Populations of feral cats, foxes and dingoes were assessed at four sites in the northern Simpson Desert from May 1995 to October 1996 using track counts. Counts were based on presence/absence of footprints on sandplots placed randomly throughout each of the four sites, with all habitats being sampled in accordance with their availability. Sandplots were repositioned between sampling periods so that data were temporally independent. This unbiased method was used to assess the reliability of more conventional indices of carnivore abundance based on spotlighting and counts of footprints on roads, which were run concurrently with the random sandplot counts. The sandplot data were also used to assess habitat use of the three study species.
Counts on regularly spaced sampling plots along roads were correlated with random sandplot counts for foxes, but not for cats. Conversely, an index of activity based on counting individual tracks along roads was correlated for cats, but not for foxes. Spotlighting counts appeared to have little relationship with random sandplot counts for either species, with random sandplot counts and spotlight counts of foxes being correlated for only one of the four sites and no correlations being apparent for cats.
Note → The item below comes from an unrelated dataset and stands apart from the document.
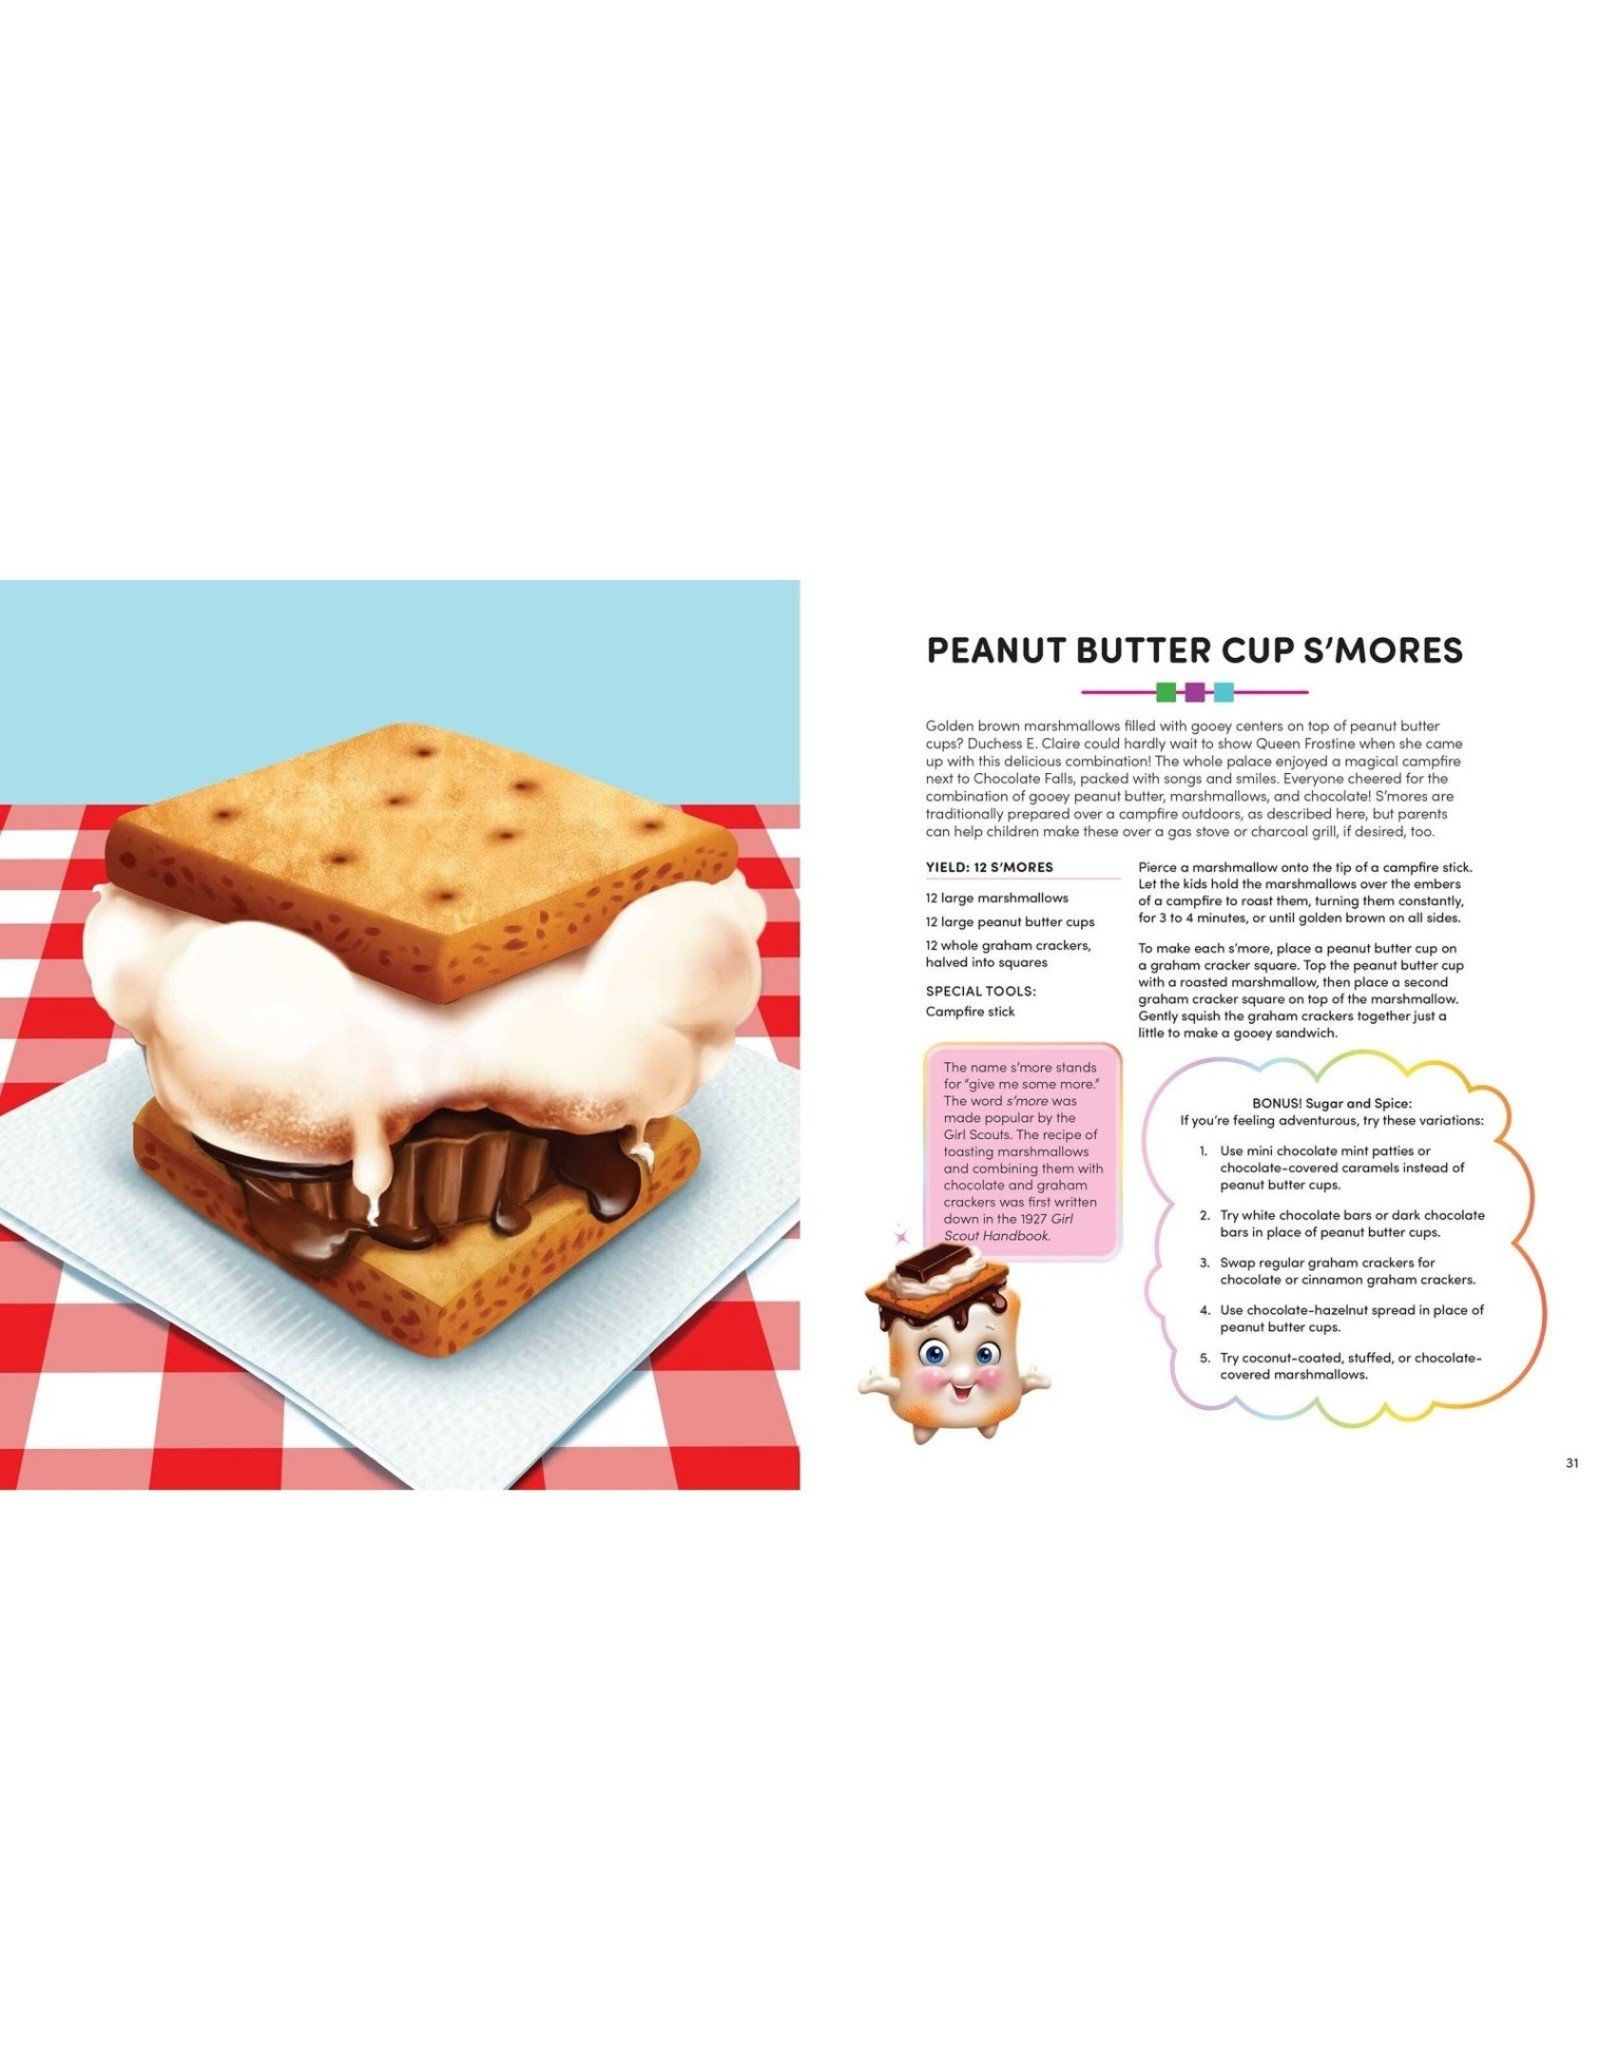 Candy Land: The Official Cookbook

The sandplot data showed that cats used dune crests preferentially over other habitats, while foxes preferred both dune crests and roads. Dune crests are probably used as natural runways by both species. Dingoes used roads preferentially over other habitats. It was concluded that differences in the use of roads and other runways by the carnivores can potentially lead to biases in indices collected along roadways. In relation to the random sandplot counts, foxes were overestimated by road counts and spotlighting relative to cats, the latter bias being related possibly to temporal differences in the activity patterns of the two species.